Your output should match the listing below word for word, without any images.

RECORDED INFORMATION:
[Start of section]
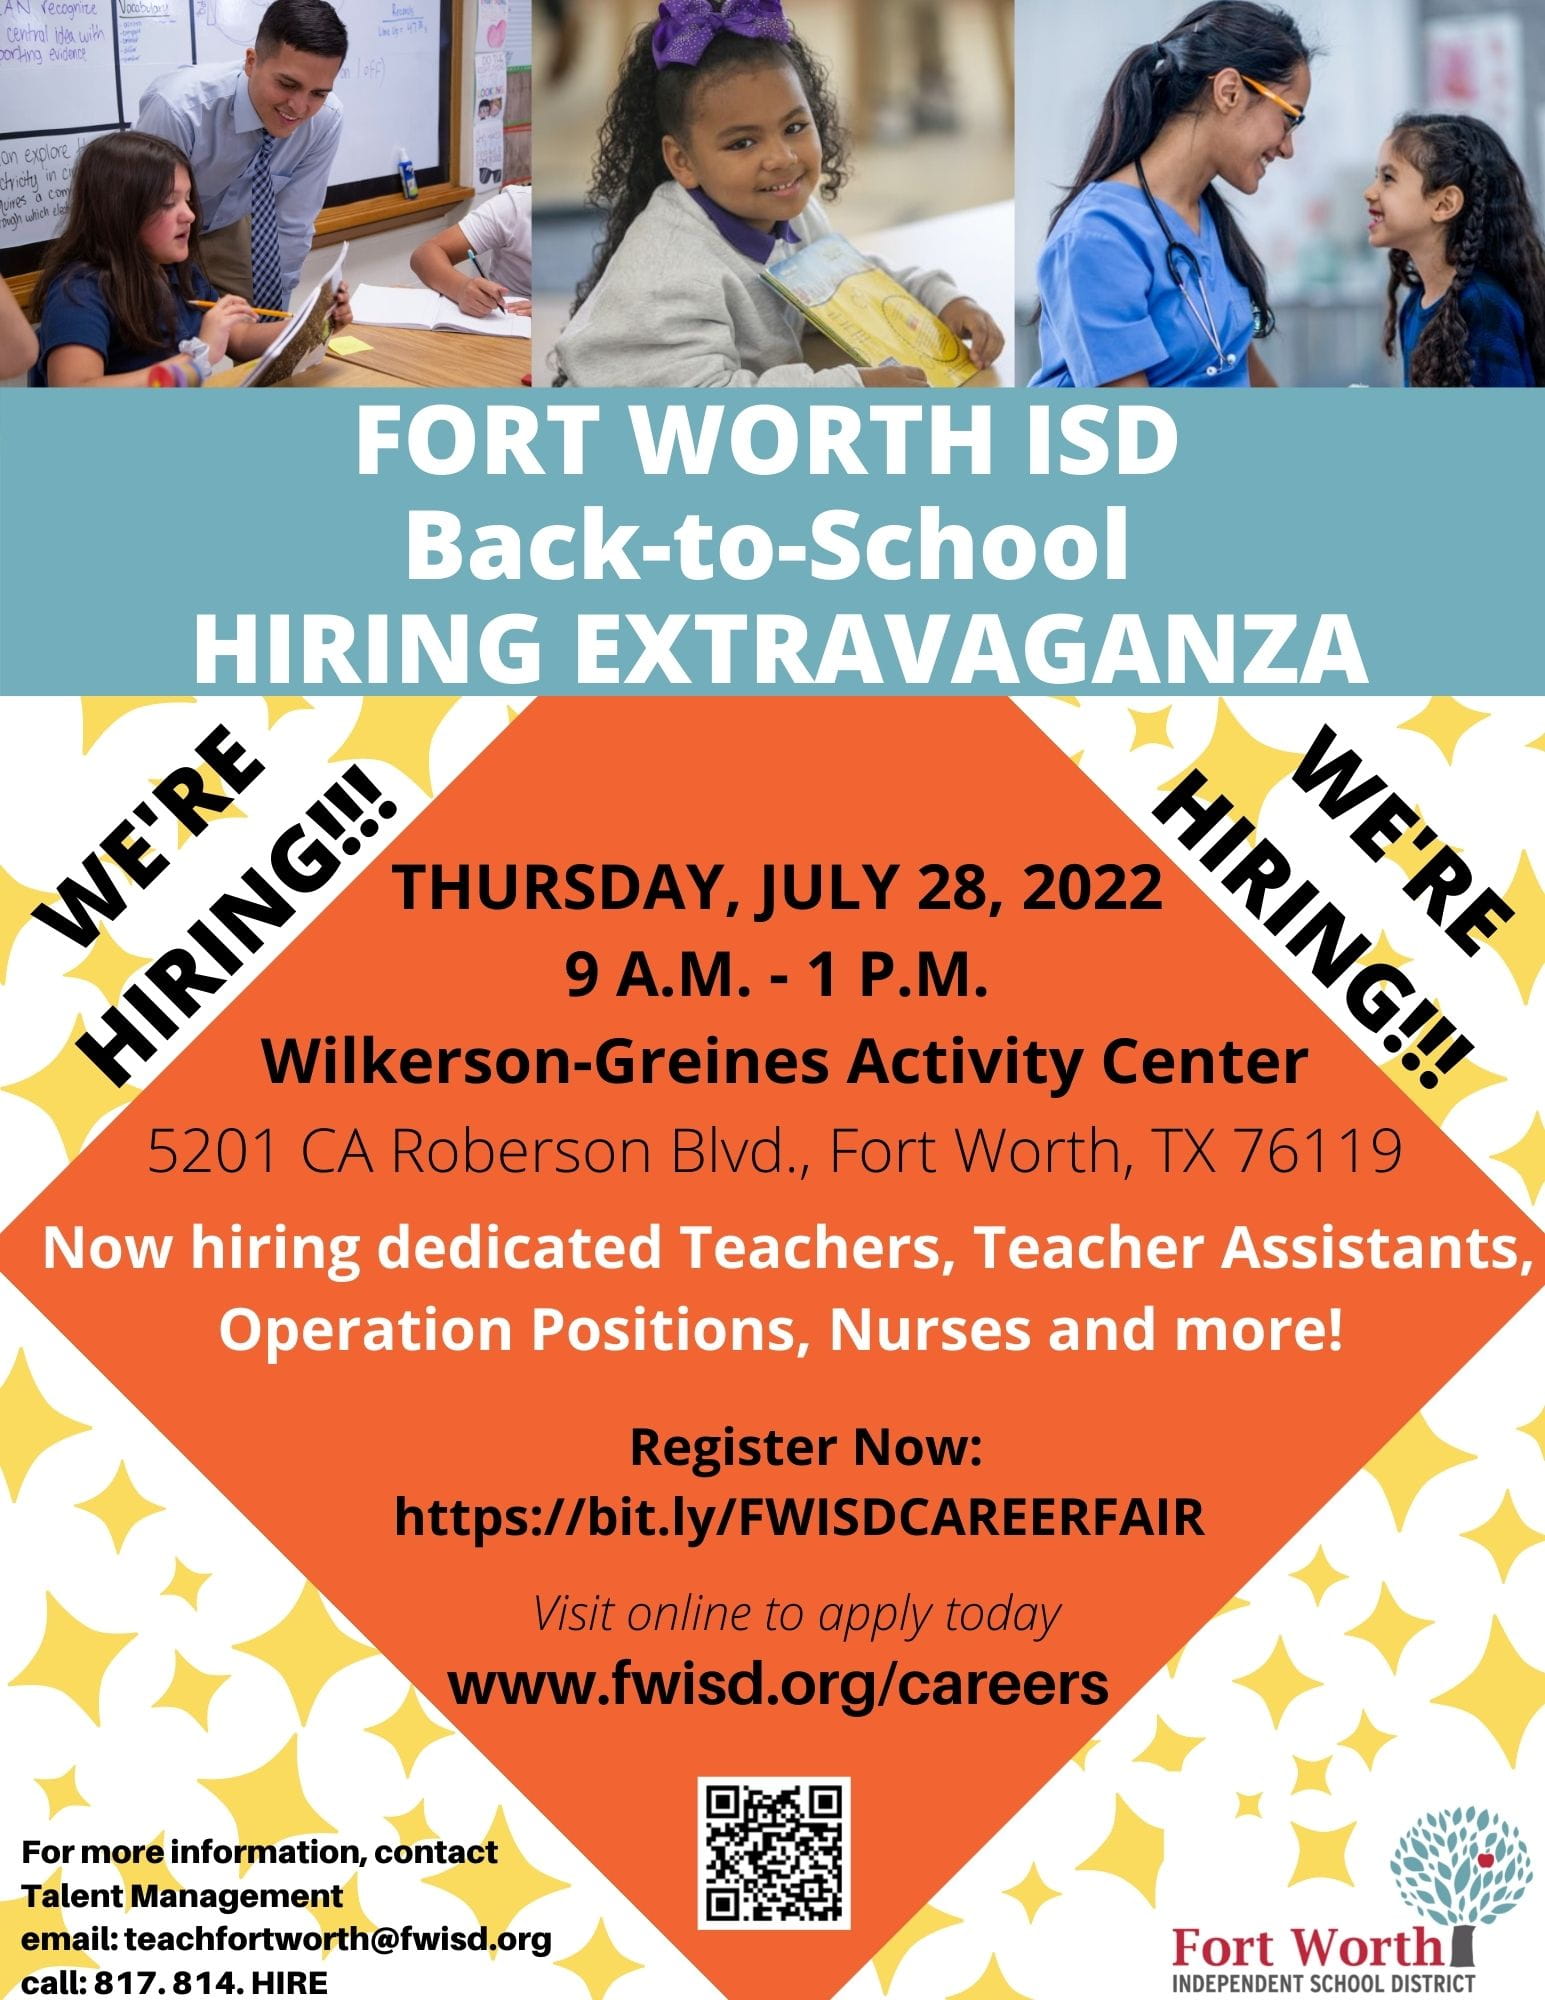 Fort Worth ISD Back-to-School Hiring Extravaganza Flyer, July 28
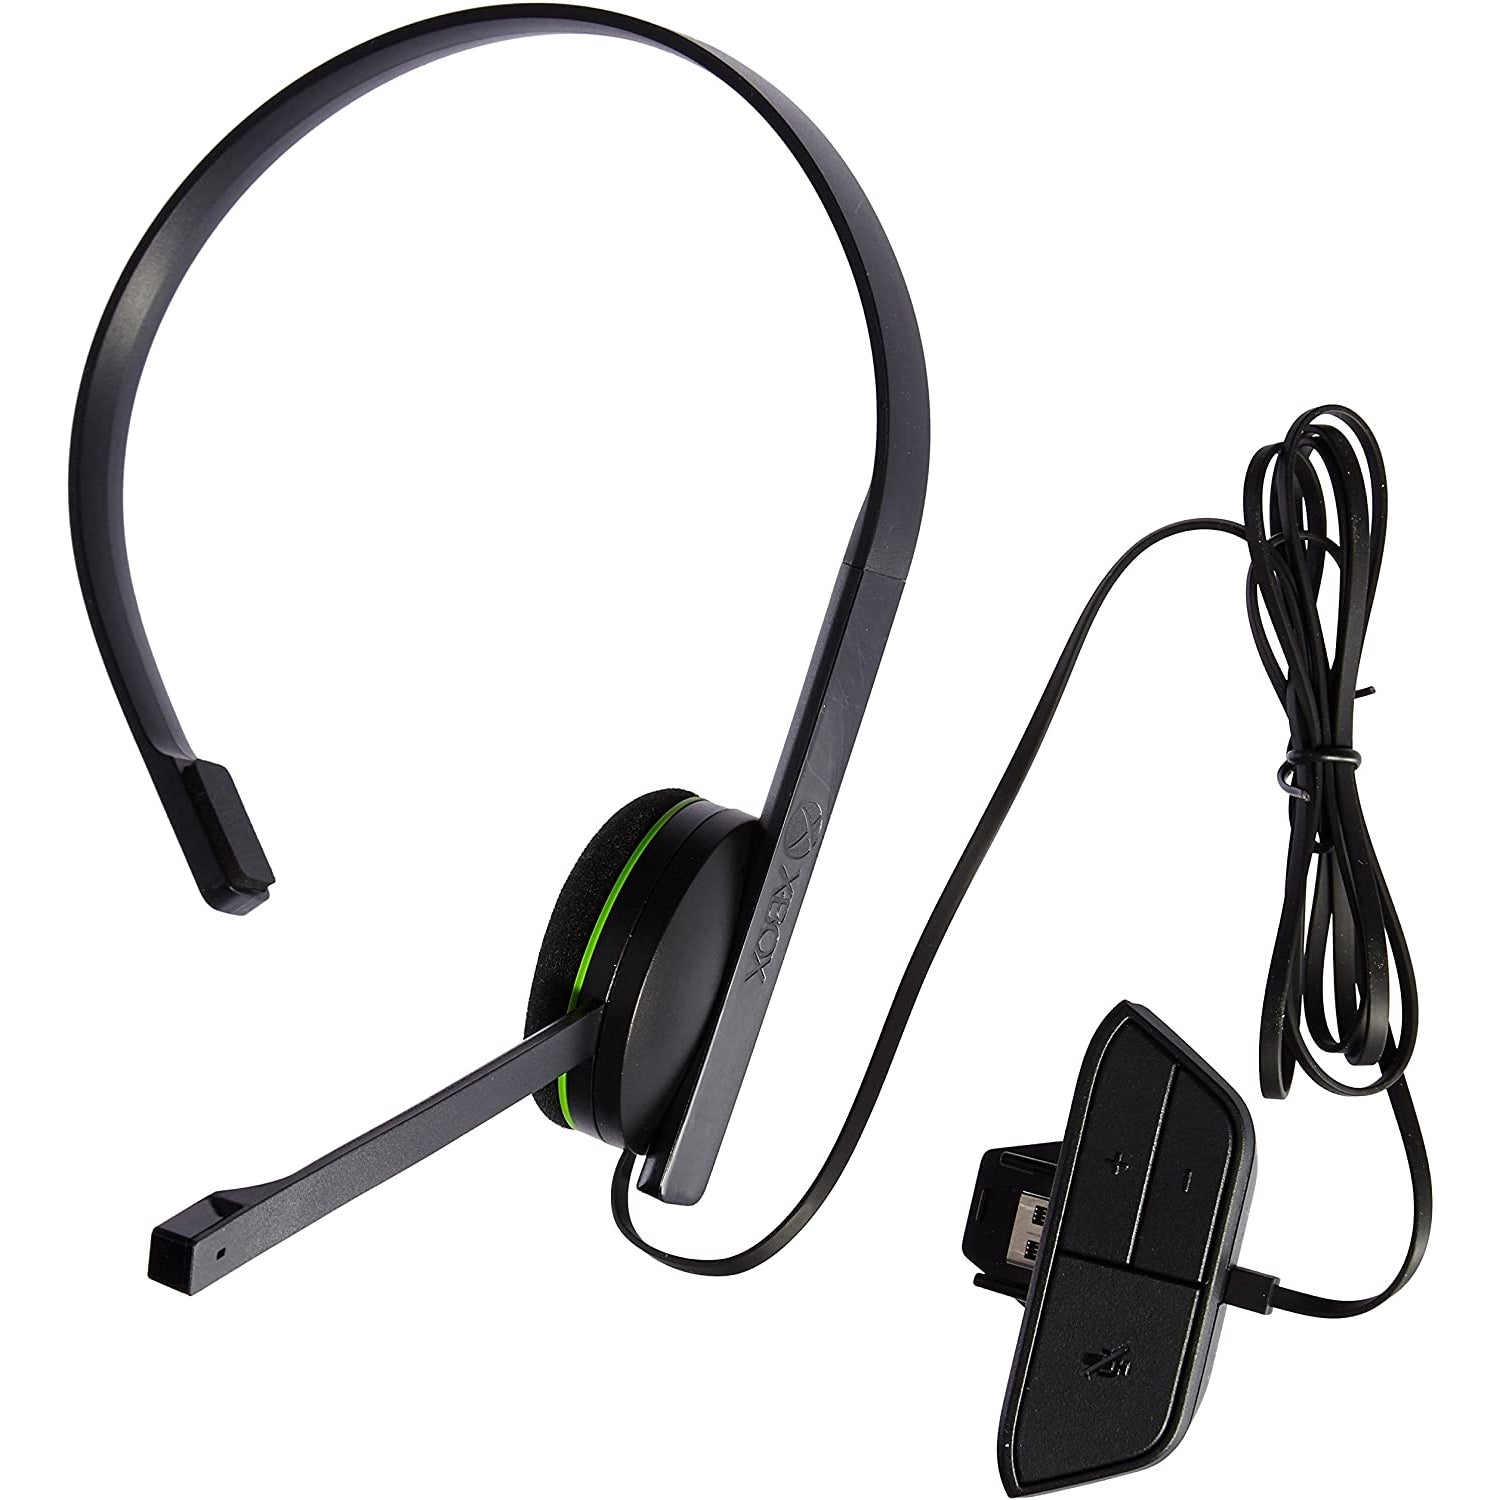 Official Xbox Chat Headset for Xbox One S, Xbox Series S, Xbox Series X - New
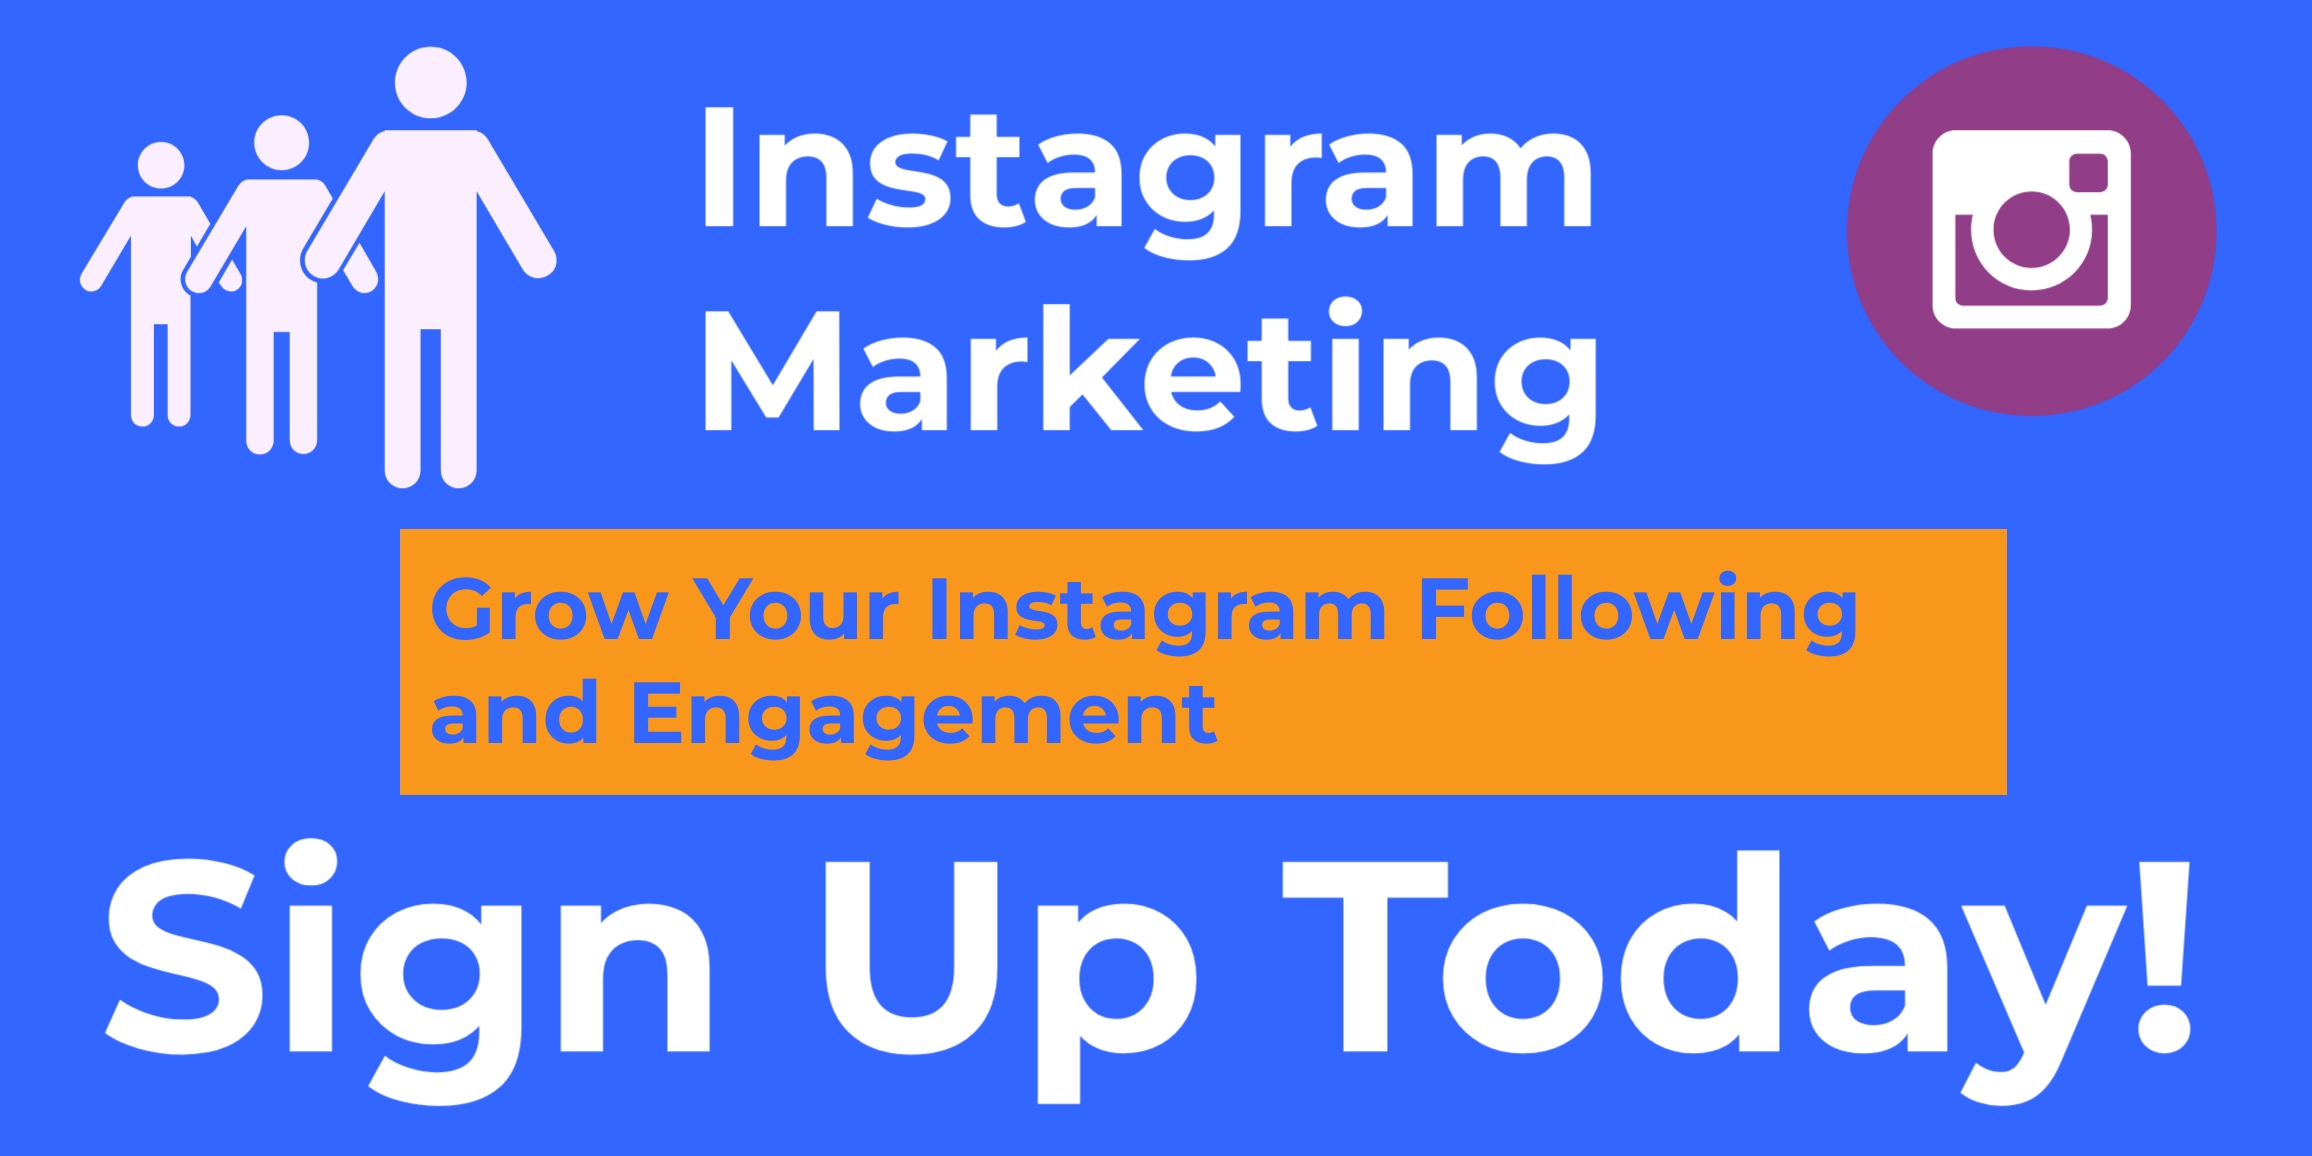 Grow Your Brand and Followers on Instagram
[End of section]
ANSWER AREA:
 Fort Worth ISD Back-to-School Hiring Extravaganza Flyer, July 28
 Official Xbox Chat Headset for Xbox One S, Xbox Series S, Xbox Series X - New
 Grow Your Brand and Followers on Instagram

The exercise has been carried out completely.